## What is being asked
Please transcribe only the lines that run from the line bearing "volante a3, maqueta" to the end of the entries, keeping both end lines. Skip the pictures.

Start of Data shown

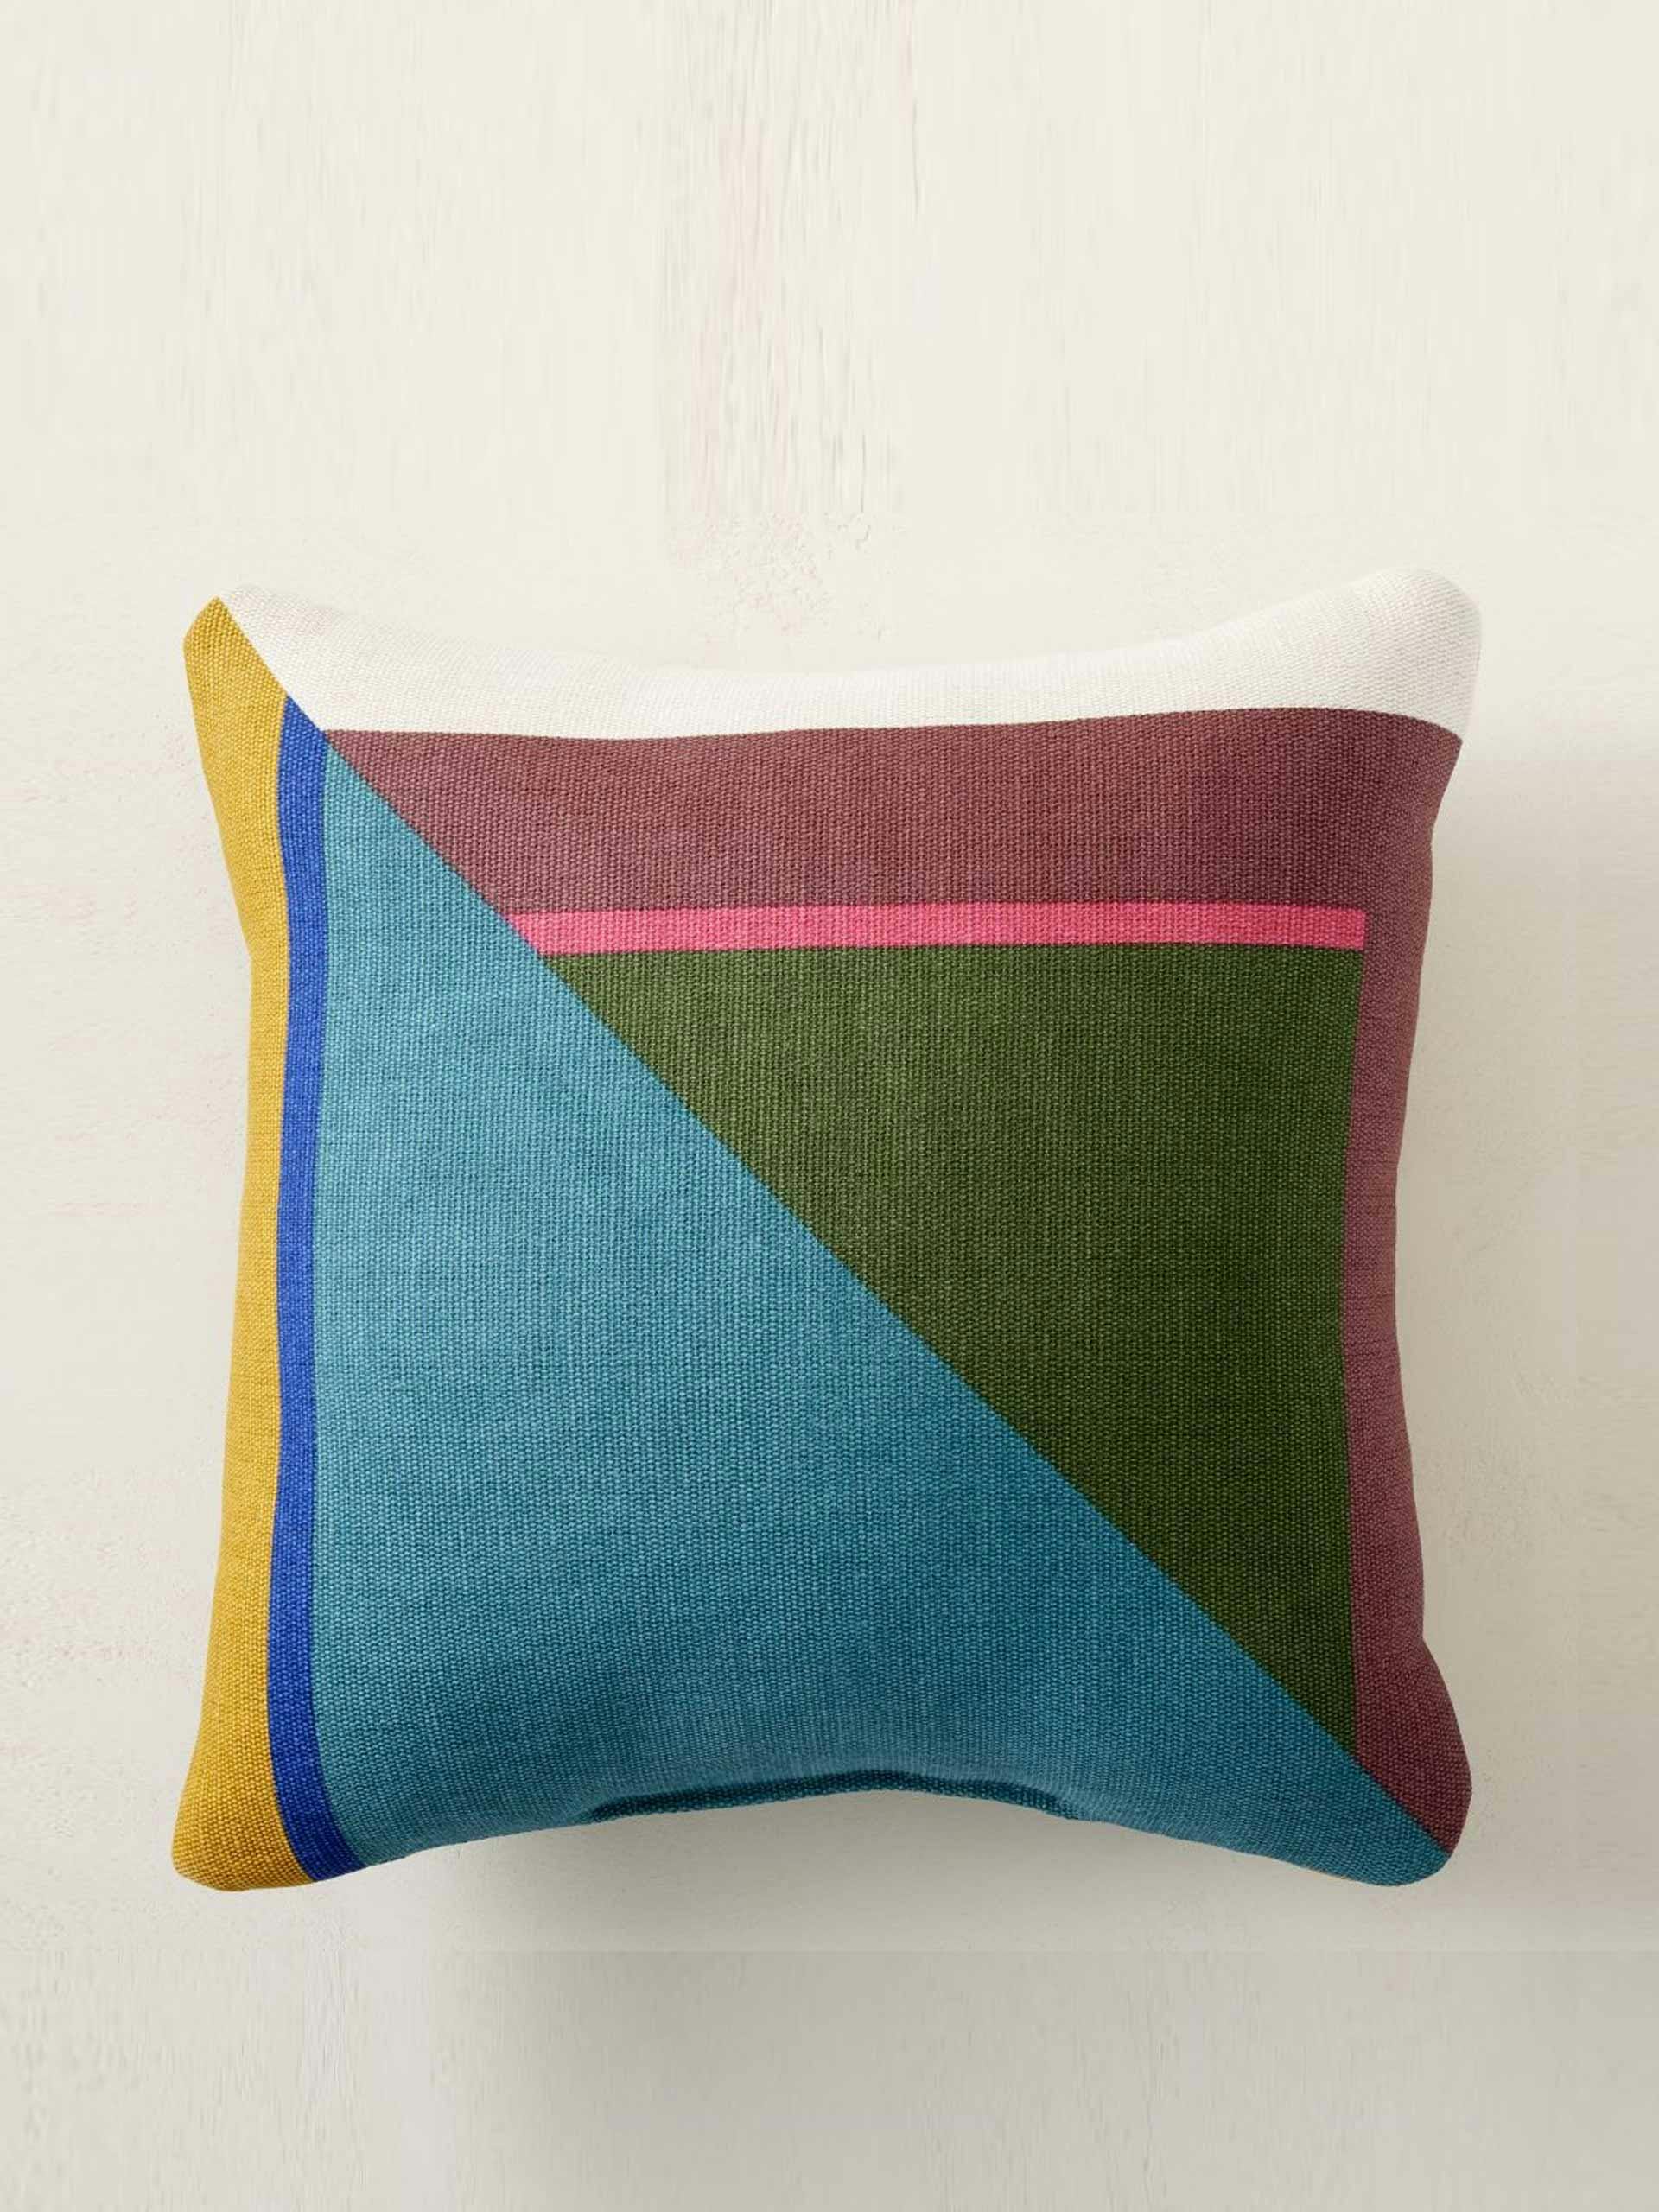 Colour-block cushion
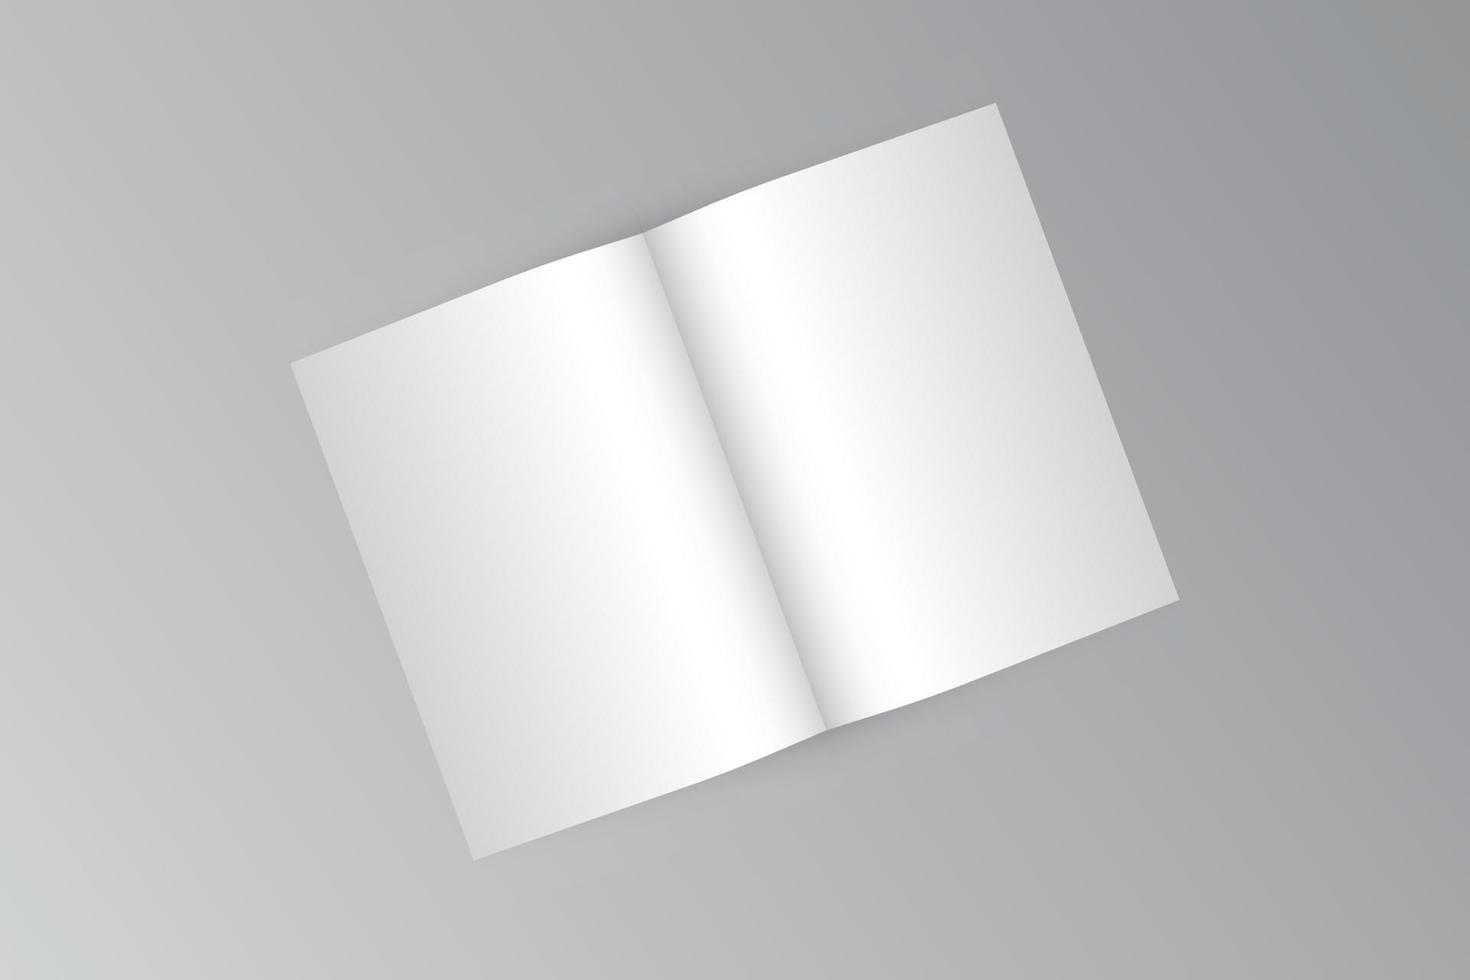 volante a3, maqueta de folleto, diseño de plantilla en blanco de medio pliegue a3, volante de un pliegue con espacio de copia, ilustración vectorial 3d. vector
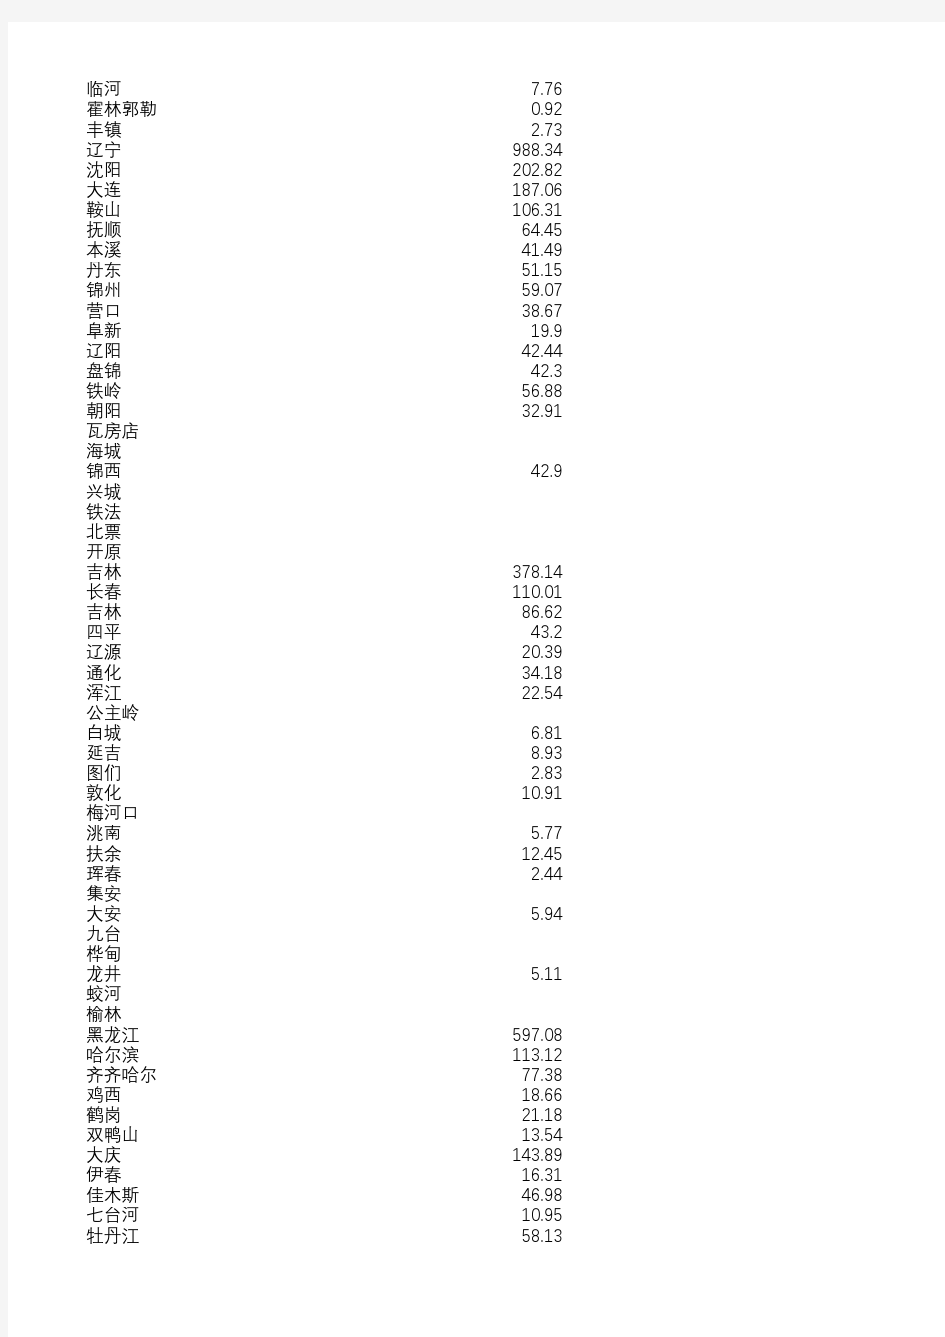 中国城市统计年鉴(1990年和1991年数据)城市国内生产总值(按1990年不变价格计算)
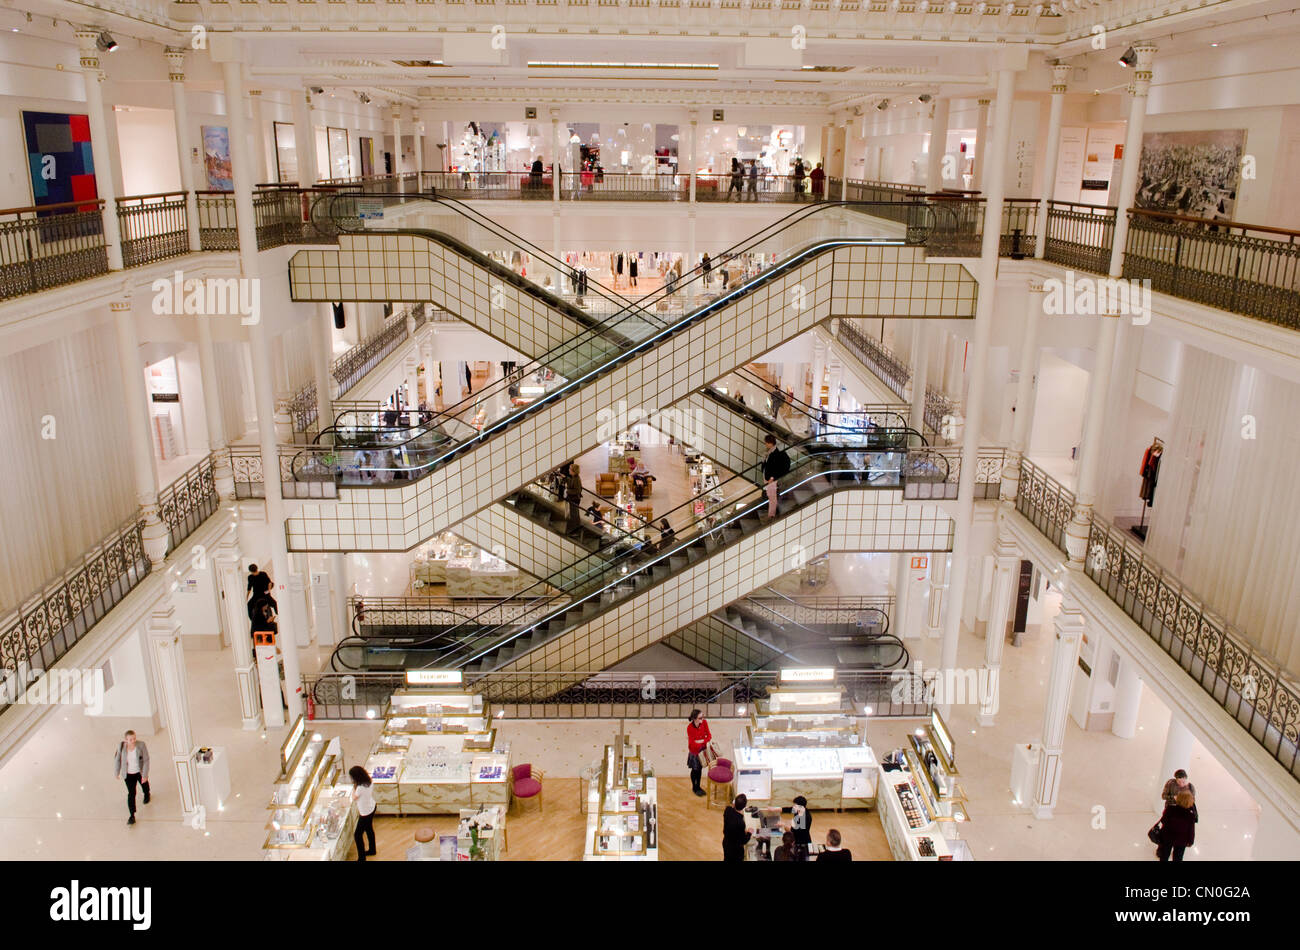 Interior of 'Le Bon Marche' department store. St Germain des Pres area of Paris, France Stock Photo
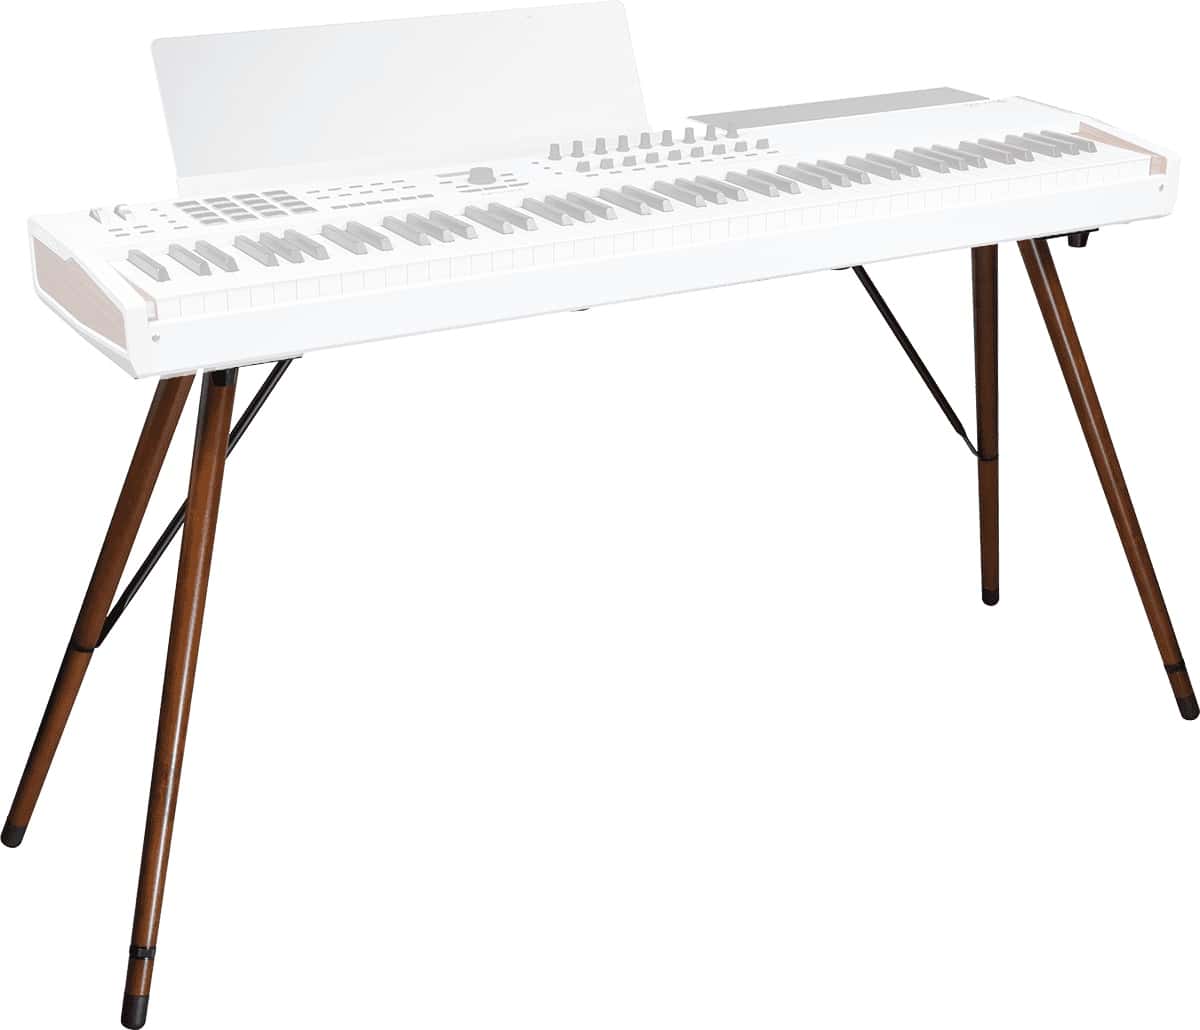 Quel est le meilleur stand pour un clavier, un piano ou un synthé ?

End of Data shown

## Response
 volante a3, maqueta de folleto, diseño de plantilla en blanco de medio pliegue a3, volante de un pliegue con espacio de copia, ilustración vectorial 3d. vector
 中国城市统计年鉴(1990年和1991年数据)城市国内生产总值(按1990年不变价格计算)
 Interior of 'Le Bon Marche' department store. St Germain des Pres area of Paris, France Stock Photo
 Quel est le meilleur stand pour un clavier, un piano ou un synthé ?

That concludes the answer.